Friday, March 10, 2017

IRL : Tuam babies scandal: Evidence may be inadmissible in criminal case

Concern has been expressed that any evidence given to the Mother and Baby Homes Commission is not admissible in any future criminal proceedings.

Under section 19 of the Commissions of Investigation Act 2004, statements or documents given to the commission are inadmissible as evidence against a person in any criminal or other proceedings.

Citing the relevant section of the Act, Claire McGettrick of the Justice For Magdalenes Group called for An Garda Síochána to establish its own investigation independent of the commission.

“This investigation should look into abuse, neglect, and illegal separations of mothers and children in mother and baby homes, county homes, maternity hospitals, and through adoption agencies and similar entities,” she said. 

It comes as the Irish First Mothers group confirmed that it has written to the attorney general seeking to bring prosecutions under the Irish Genocide Act of 1973 in respect of religiously motivated grievous injuries which they suffered.

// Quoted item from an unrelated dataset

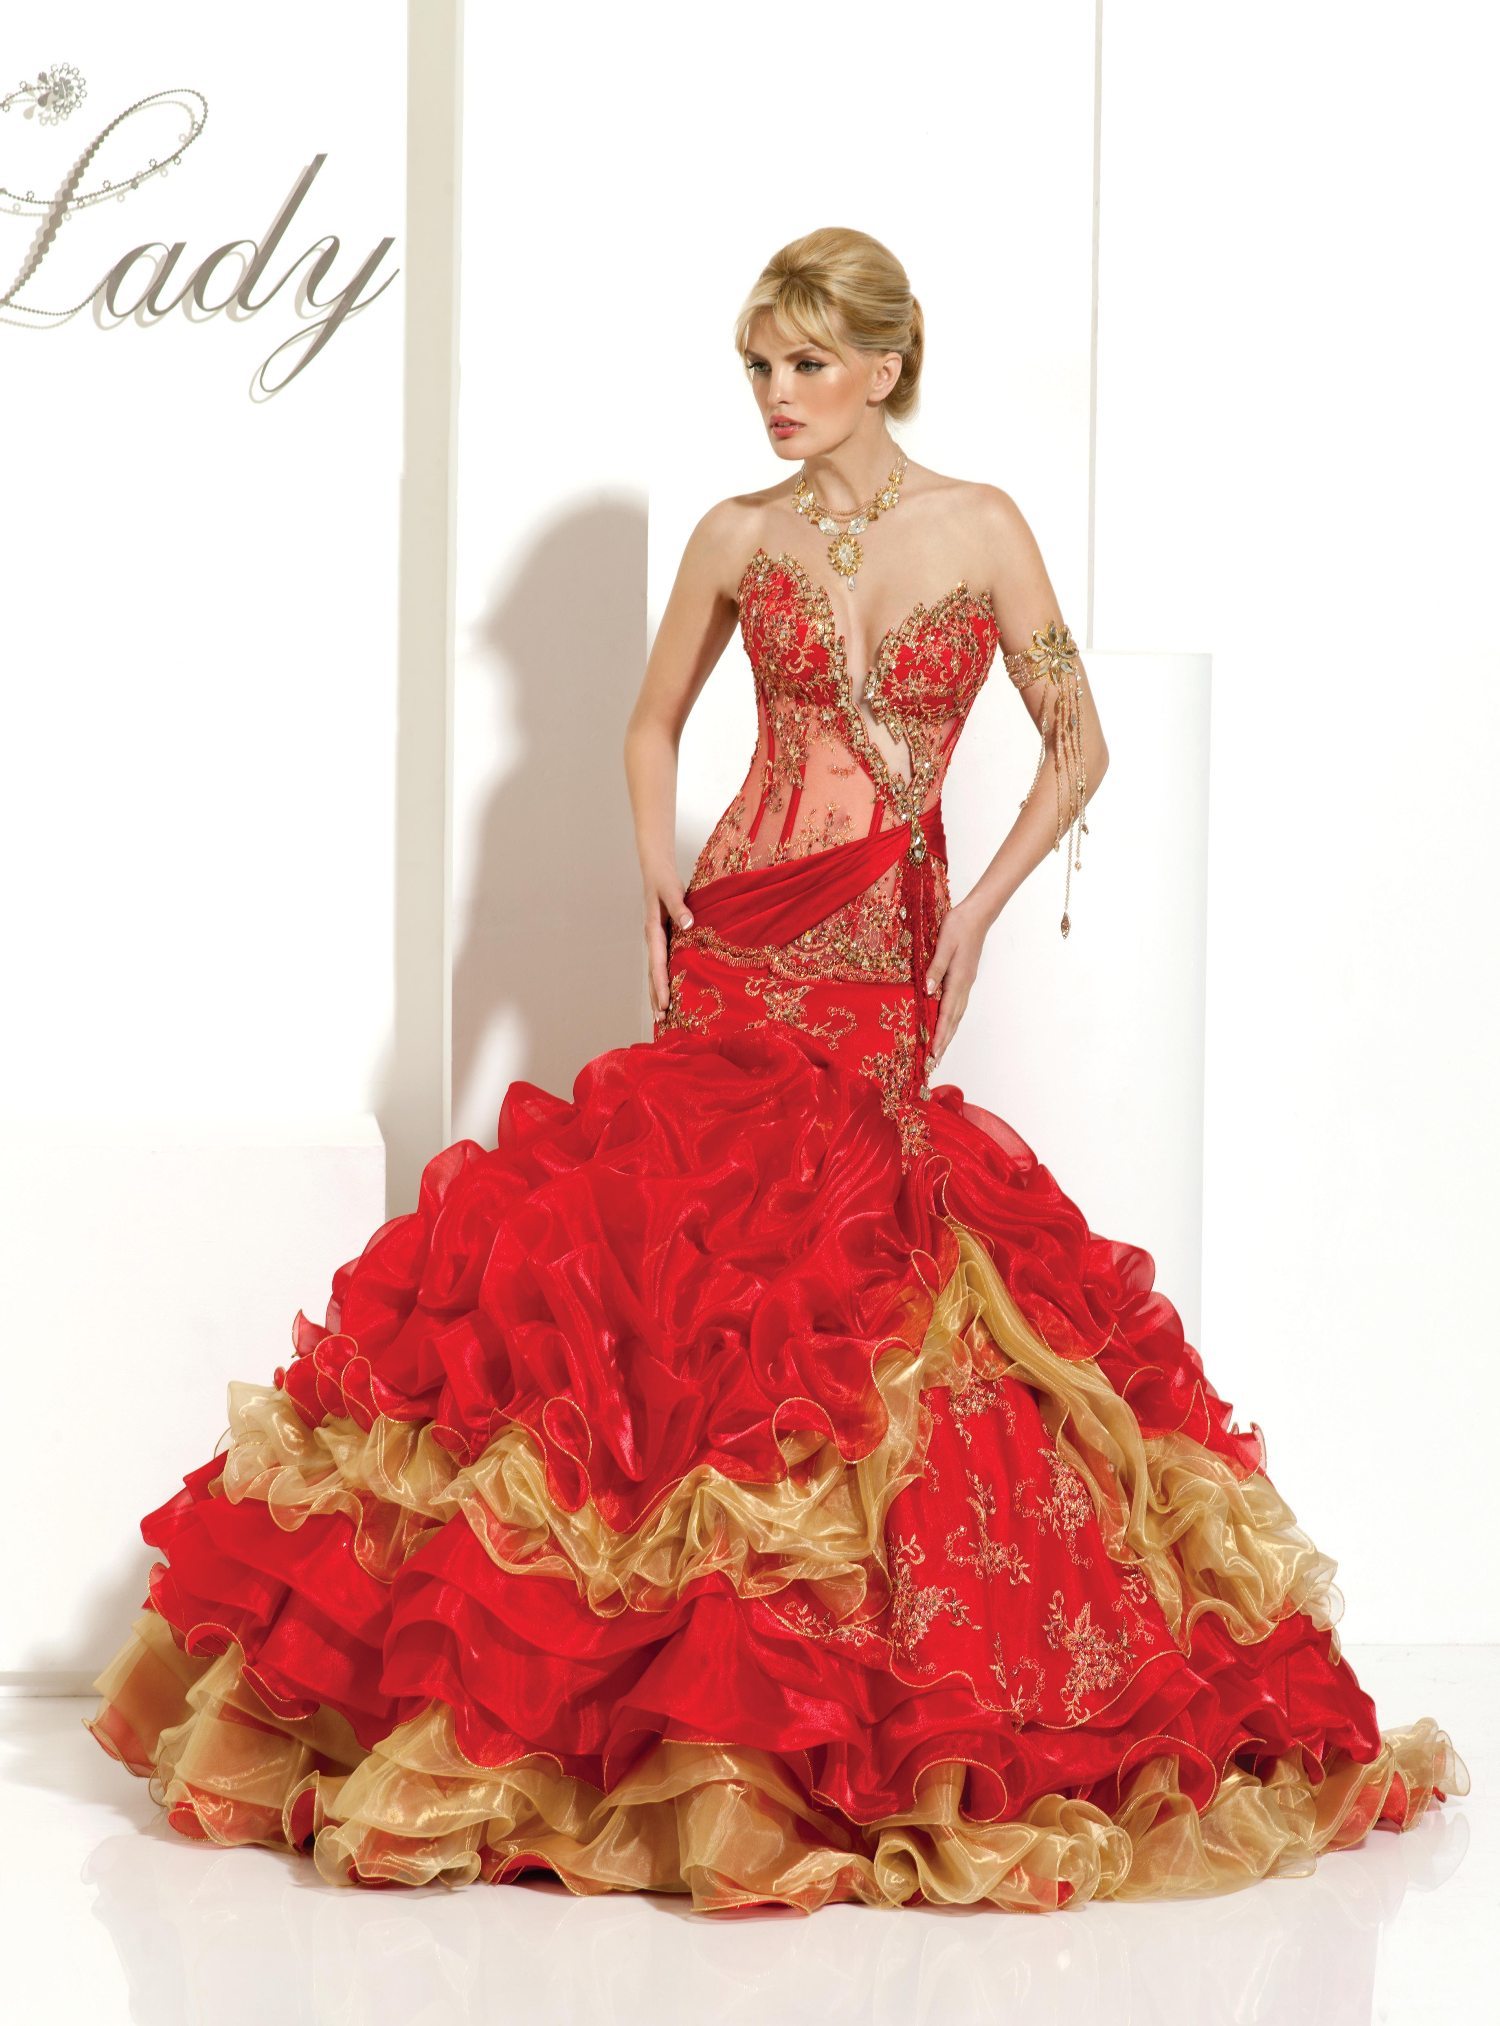 Wedding Dress - Princess Odelie - Princess Odelie Skirt - Lady Lola Bracelet | MyLady Bridal Gown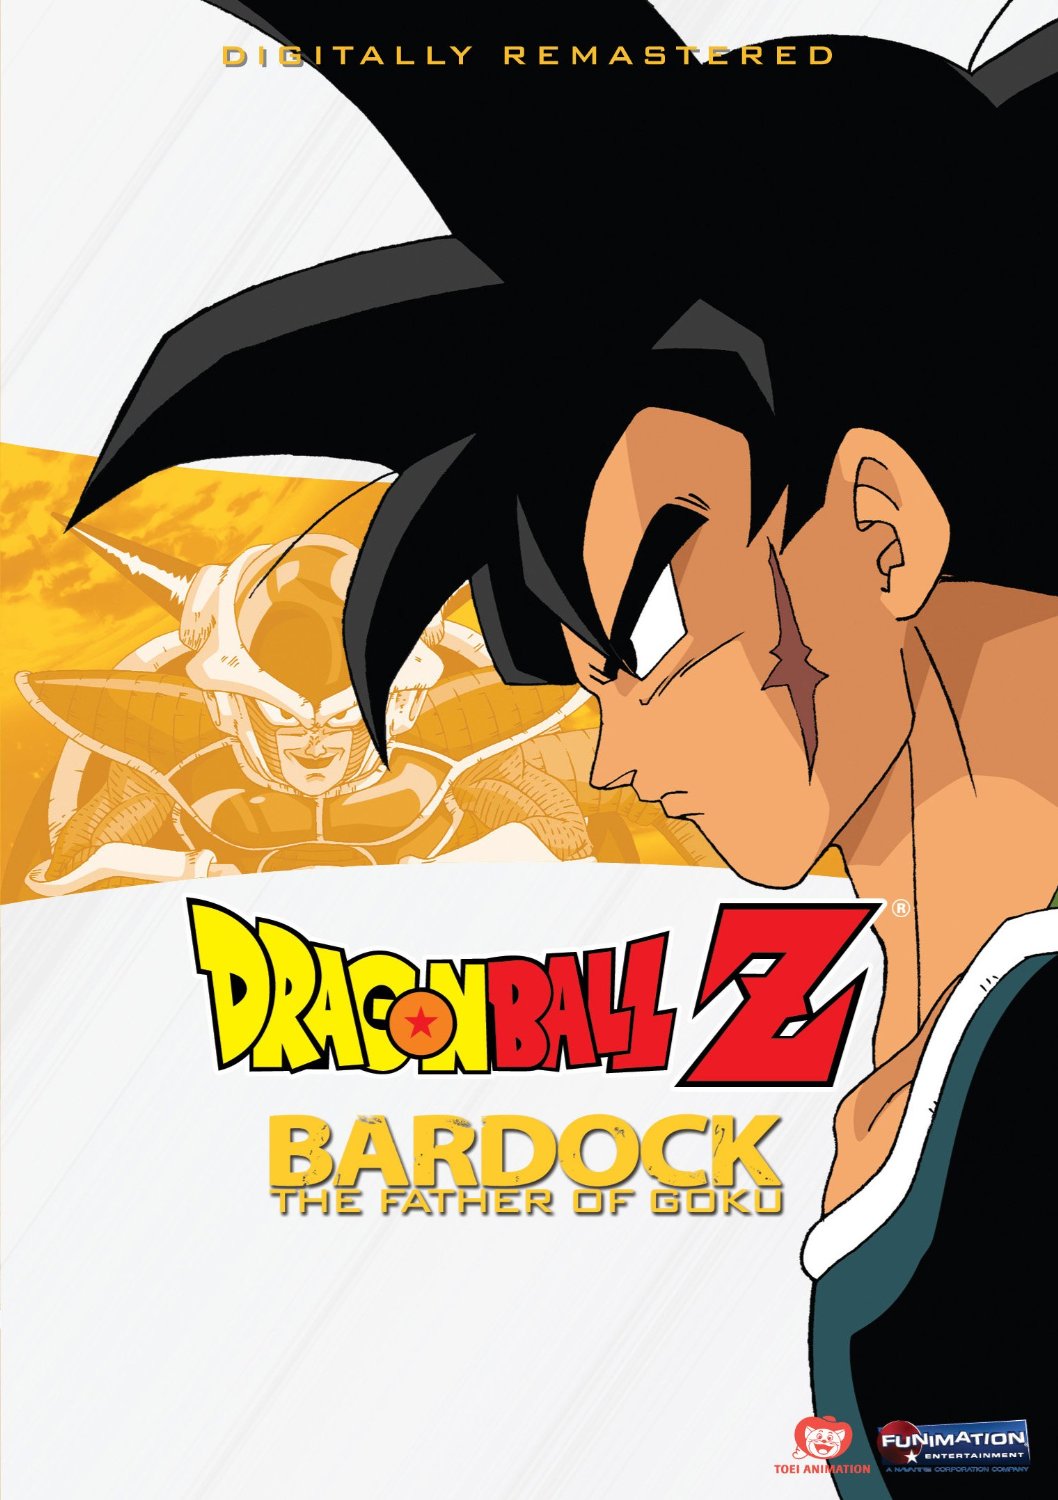 Dragon Ball Z (1989) - Anime - AniDB

The group said its members were subject to religiously motivated, grossly criminal acts under section 2 of the Convention on the Prevention and Punishment of the Crime of Genocide adopted by the UN General Assembly.

“The attorney general could pursue prosecutions for failure to prevent genocide, for conspiracy, for incitement, and for the crime of genocide itself,” the Irish First Mothers group said in a statement.

“But we have identified no culpable parties and we leave such matters to the judgement of the attorney general’s office.”

Separately, the Magdalene Survivors Together group has called for the exhumation of all Magdalene women and children from mass graves located around the county.

Group chairman Steven O’Riordan said the Tuam scandal would not be the last relating to the treatment of women and children.

“It is a great shame that we as a society continue to deny babies, women, and children the dignity of a proper burial,” he said.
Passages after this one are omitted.